Roberts’ amendment would go one step further, to give school nurses the authority to possess and administer cannabis in a “nonsmokeable form” to students with a prescription from a doctor.

It will be known as “Quintin’s Amendment,” named after Quintin Lovato, a third-grader from Gypsum.

“Quintin was actually diagnosed with epilepsy four years ago today,” his mother, Hannah, said.

Quintin suffers from three types of seizures, including grand mal seizures. He also suffers from Tourette’s syndrome.

“The pharmaceutical medication basically made my son, for lack of a better word, extremely hard to dealt with,” Hannah Lovato said. “He would go from zero to a hundred in seconds whether he was angry, happy, sad.”

In January, Quintin was able to wean off the drugs and now uses a type of cannabis oil called Haleigh’s Hope.
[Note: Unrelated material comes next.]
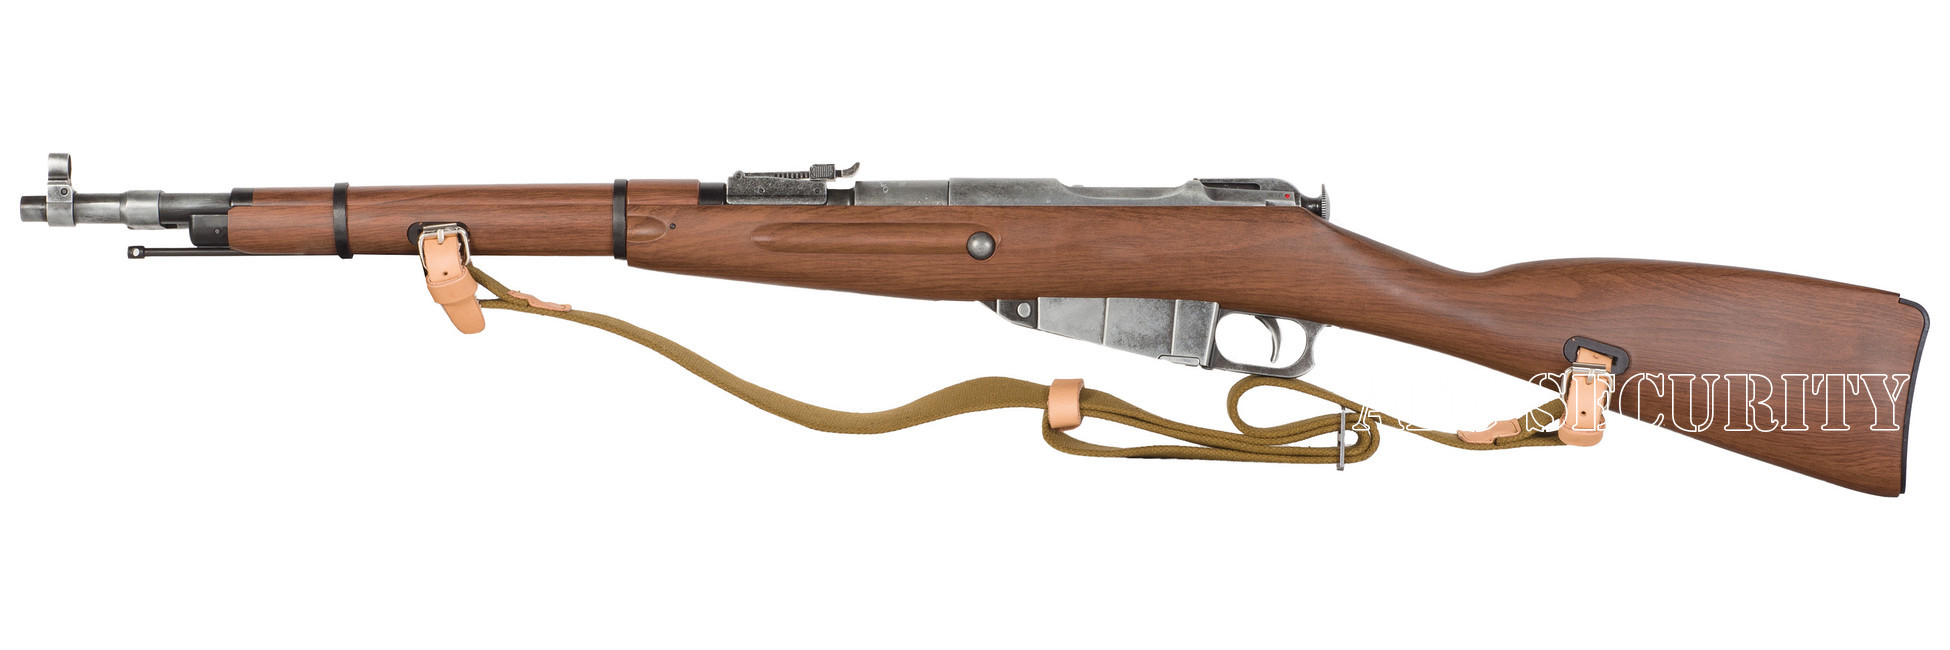 how much does a mosin nagant cost

“He’s sleeping better at night. He’s happy. He’s loving baseball. He’s loving school again. He made two friends he didn’t have before,” she said.

However, the cannabis oil has not completely stopped Quintin’s seizures as it has in other children. Hannah Lovato said it’s because he isn’t getting the proper dosage.

“He should be getting three doses a day. Unfortunately, both of us are working parents. Like we said, we have five children,” Hannah Lovato said.